> [Exercise material]:
-- -- --
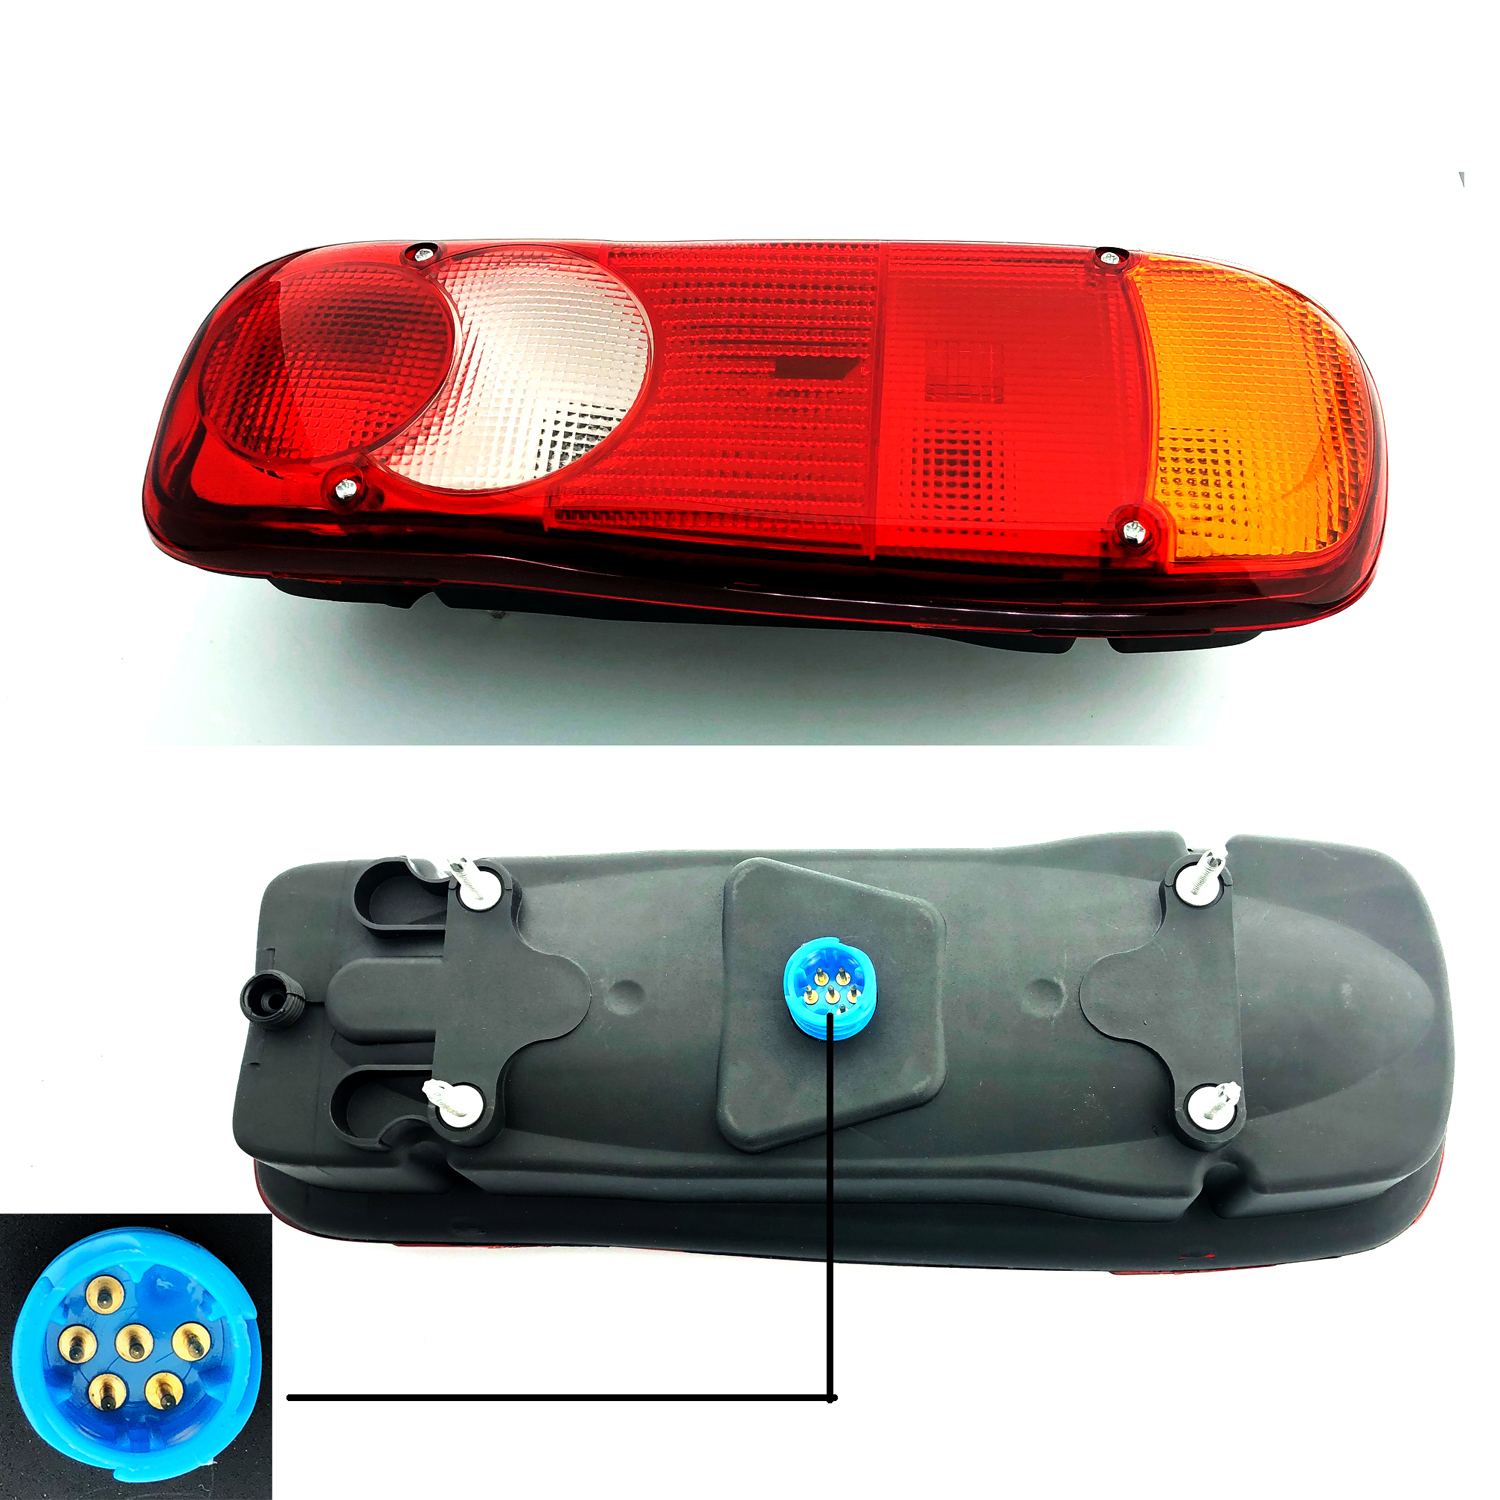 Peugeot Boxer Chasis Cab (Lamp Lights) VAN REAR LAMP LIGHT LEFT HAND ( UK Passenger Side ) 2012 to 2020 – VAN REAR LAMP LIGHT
-- -- --
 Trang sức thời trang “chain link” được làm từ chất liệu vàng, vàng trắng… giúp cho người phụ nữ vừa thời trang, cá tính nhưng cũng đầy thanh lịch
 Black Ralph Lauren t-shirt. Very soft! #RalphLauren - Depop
-- -- --
> [Exercise]: In the entries above, find the line holding "Trang sức thời" and the line holding "Black Ralph Lauren"; print both of them and every line between, exactly, and nothing else.

> [Response area]:
 Trang sức thời trang “chain link” được làm từ chất liệu vàng, vàng trắng… giúp cho người phụ nữ vừa thời trang, cá tính nhưng cũng đầy thanh lịch
 Black Ralph Lauren t-shirt. Very soft! #RalphLauren - Depop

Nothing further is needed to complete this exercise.